The universe (which others call the Library) is composed of an indefinite, perhaps infinite number
of hexagonal galleries…The arrangement of the galleries is always the same: Twenty bookshelves,
five to each side, line four of the hexagon's six sides…each bookshelf holds thirty-two books
identical in format; each book contains four hundred ten pages; each page, forty lines; each line,
approximately eighty black letters
With these words, Borges has set the rule for the universe en abyme contained on our site. Each
book has been assigned its particular hexagon, wall, shelf, and volume code. The somewhat cryptic
strings of characters you’ll see on the book and browse pages identify these locations. For example,
jeb0110jlb-w2-s4-v16 means the book you are reading is the 16th volume (v16) on the fourth shelf
(s4) of the second wall (w2) of hexagon jeb0110jlb. Consider it the Library of Babel's equivalent of
the Dewey Decimal system.

The hexagon names contain letters and numbers. This makes them in effect a base-36 system for
identifying unique locations in the library. Nonetheless, hexagon names still commonly stretch to
more than 3200 characters. (For reasons I do not fully understand, but which I believe to be merely
statistical, books found by searching almost always contain hexagon names of 3254 characters.)
Because of their length, it's not possible for all browsers to access them using what’s known as a
GET request. The only effect this should have for users is that books in hexagons with names of
greater than 1950 characters can only be bookmarked by using the “bookmarkable” link on the
book pages. It allows you to create a custom url for pages and share them as links or bookmark
them. Otherwise, the only way to recover a book you have checked out in the past is to copy down
its hexagon-wall-shelf-volume identifier and page number. These can be entered in the browse page
to access any book by its location.
One caveat: because of their length, hexagon names often appear in truncated form on the site. In
order to obtain the full hexagon name, either download the book (its location will be printed at the
end of the text document) or follow the book location link to the browse page.
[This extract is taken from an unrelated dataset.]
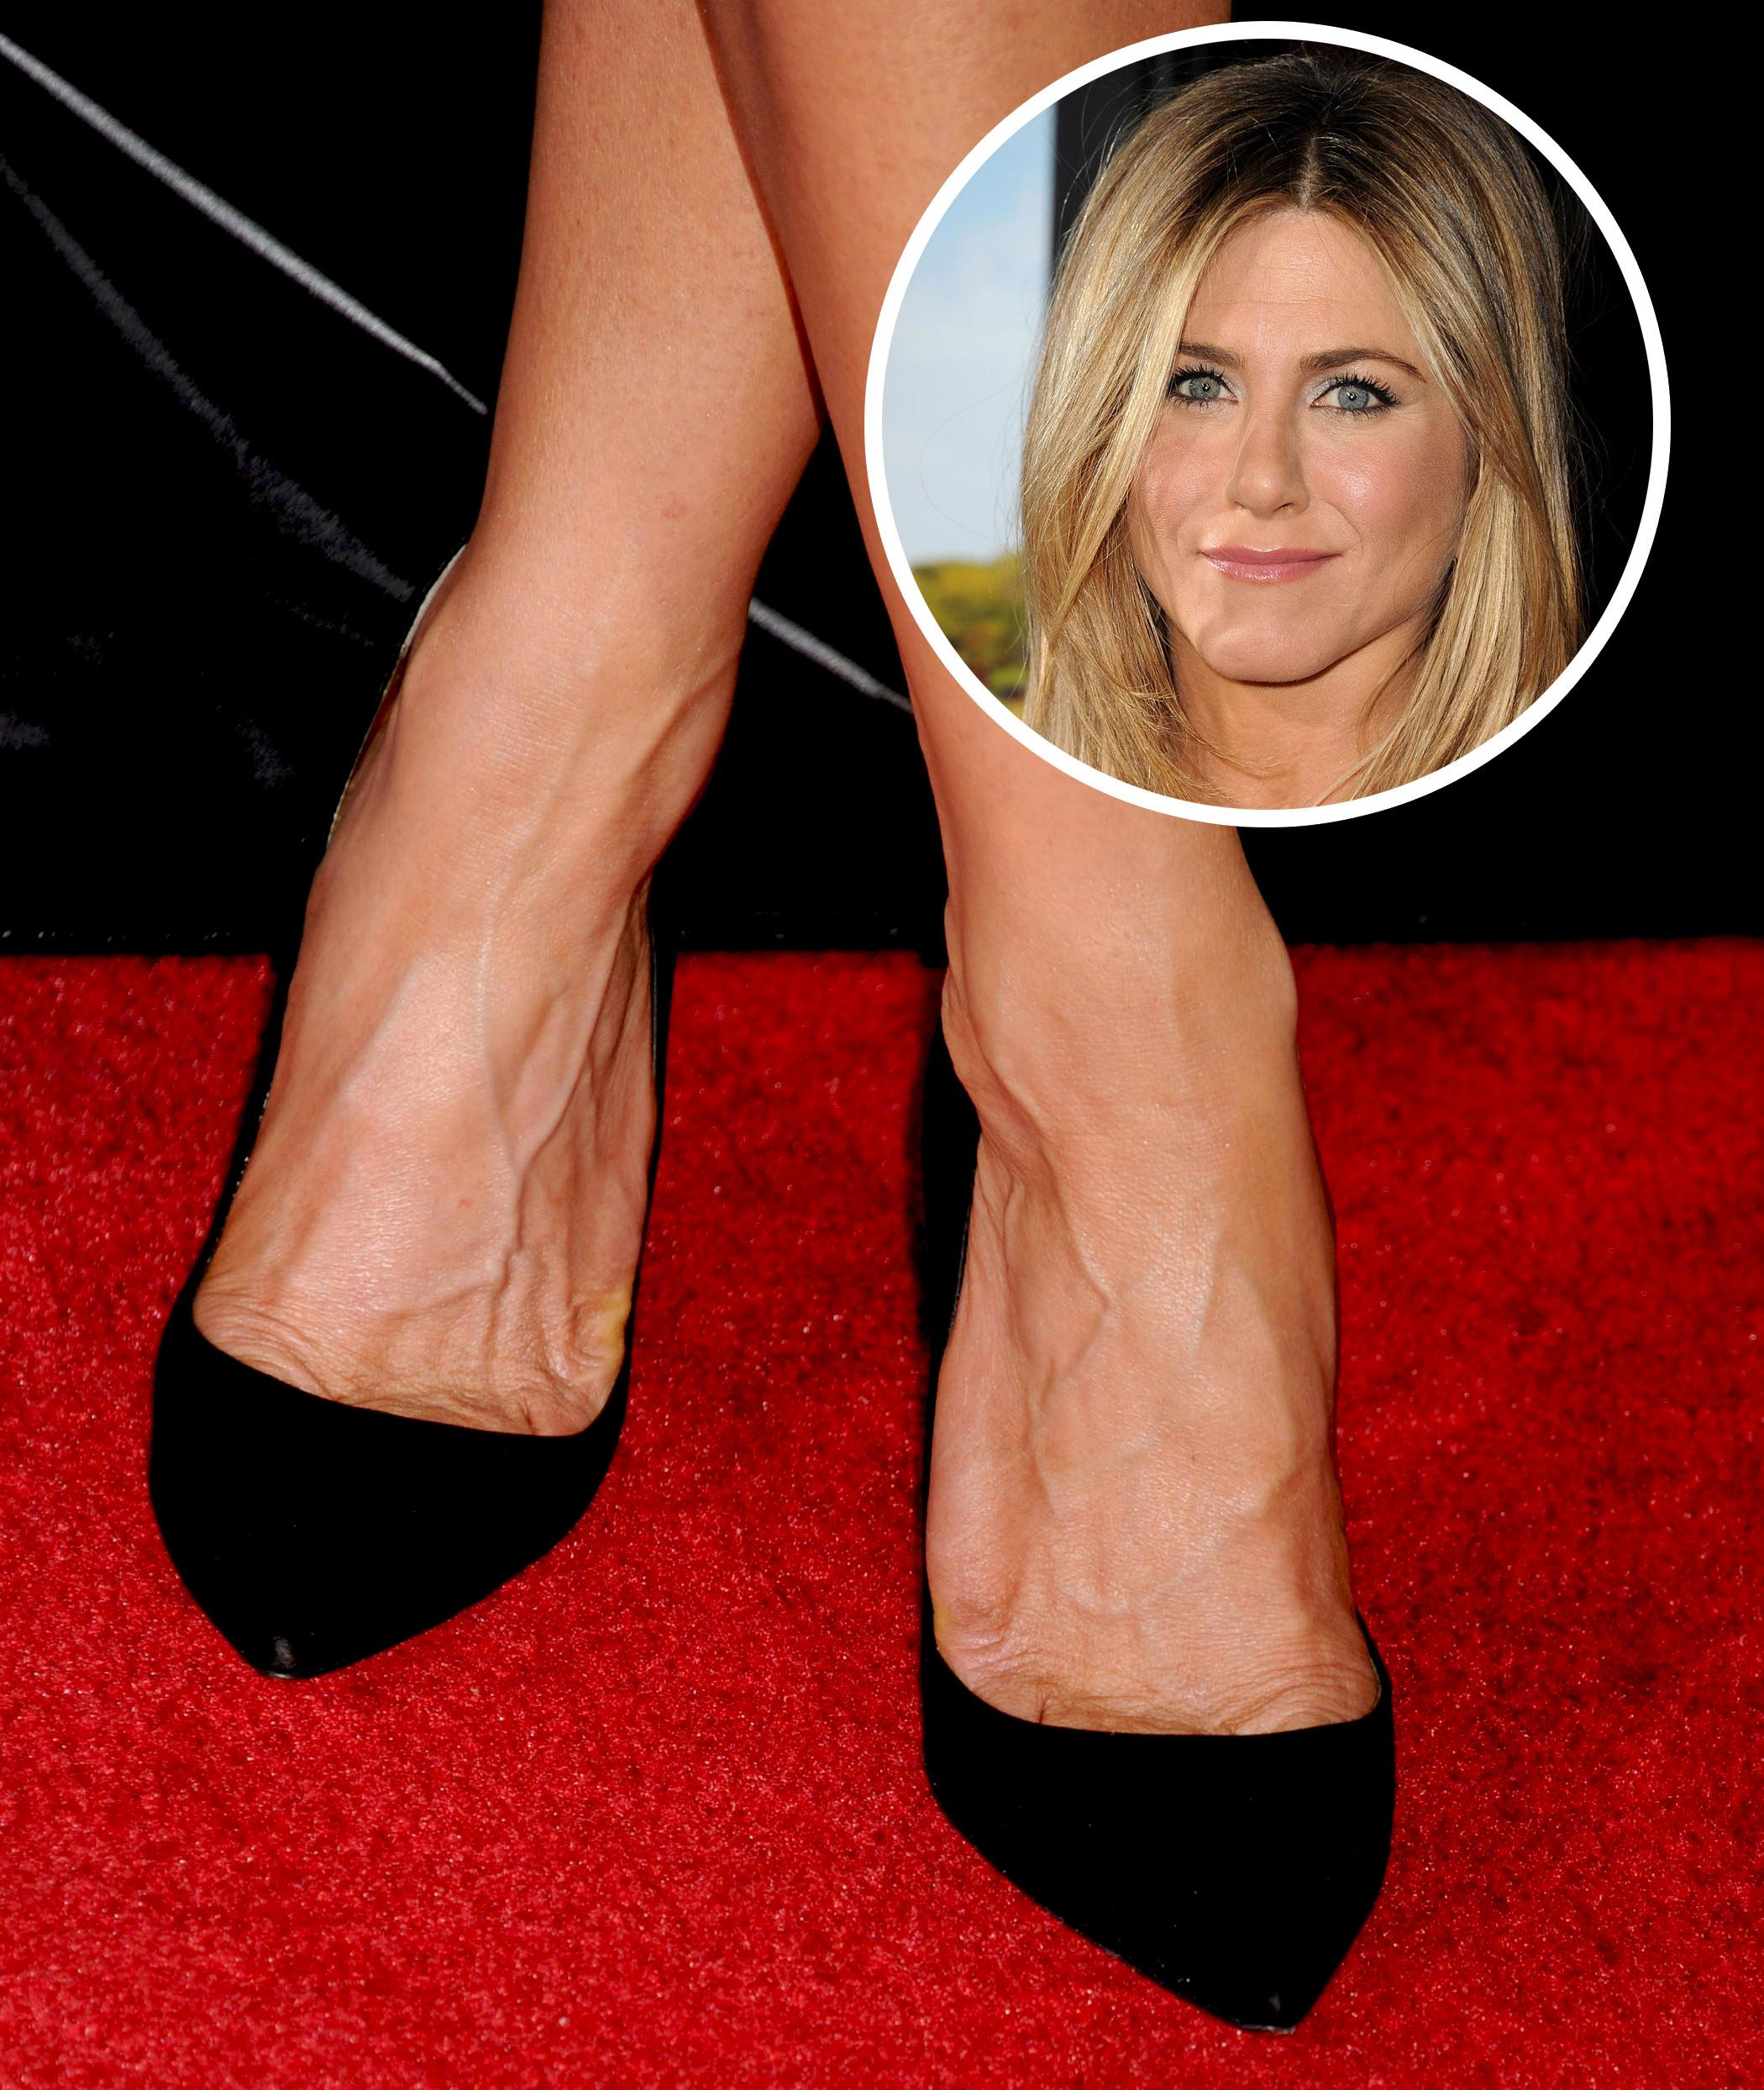 Jennifer aniston katie holmes and more stars with shockingly veiny feet life style - Jennifer aniston barefoot ...

Both of these links
can be found in the navigation bar of any book you access. The first link in that list is an
abbreviated version of the book location, and allows you to browse the shelf containing the book
you are currently reading. The browse page will contain the full hexagon name in a copy-pastable
form in its text area.
The library offers three methods for checking out books: browse, search, and random. What follows
are ideas for the daunting task of entering its hexagons.

Open a Book at Random...


• And listen to it with a screen reader
• And invent the language in which it is grammatically correct
• Invent a code in which its letters are somewhat more meaningful (e.g. take every second or
third letter, or the letter following or previous in the alphabet, etc.)
• Practice gematria
• Anglishize!

Browse...
• The hexagon with your initials
• The hexagons with your lucky number
• Just to read the titles
• Take a page of text from somehwere in the library, and enter it as the name of a hexagon.
(spaces, commas, and periods will be removed automatically)

Search...
• For your name
• For a date in the future
• For a date in the past
• For a passage from your favorite book, or something you yourself have written. Search for
alternate scenes and endings.
• If you have writer’s block, search for the last word or sentence fragment you've written, and
find out how it ends.
• -
• Those who tire of being constantly thwarted looking for meaning among the library’s babble
can use reading its jumbled texts as a form of meditation. Eventually your mind learns no
longer to search for or expect significance.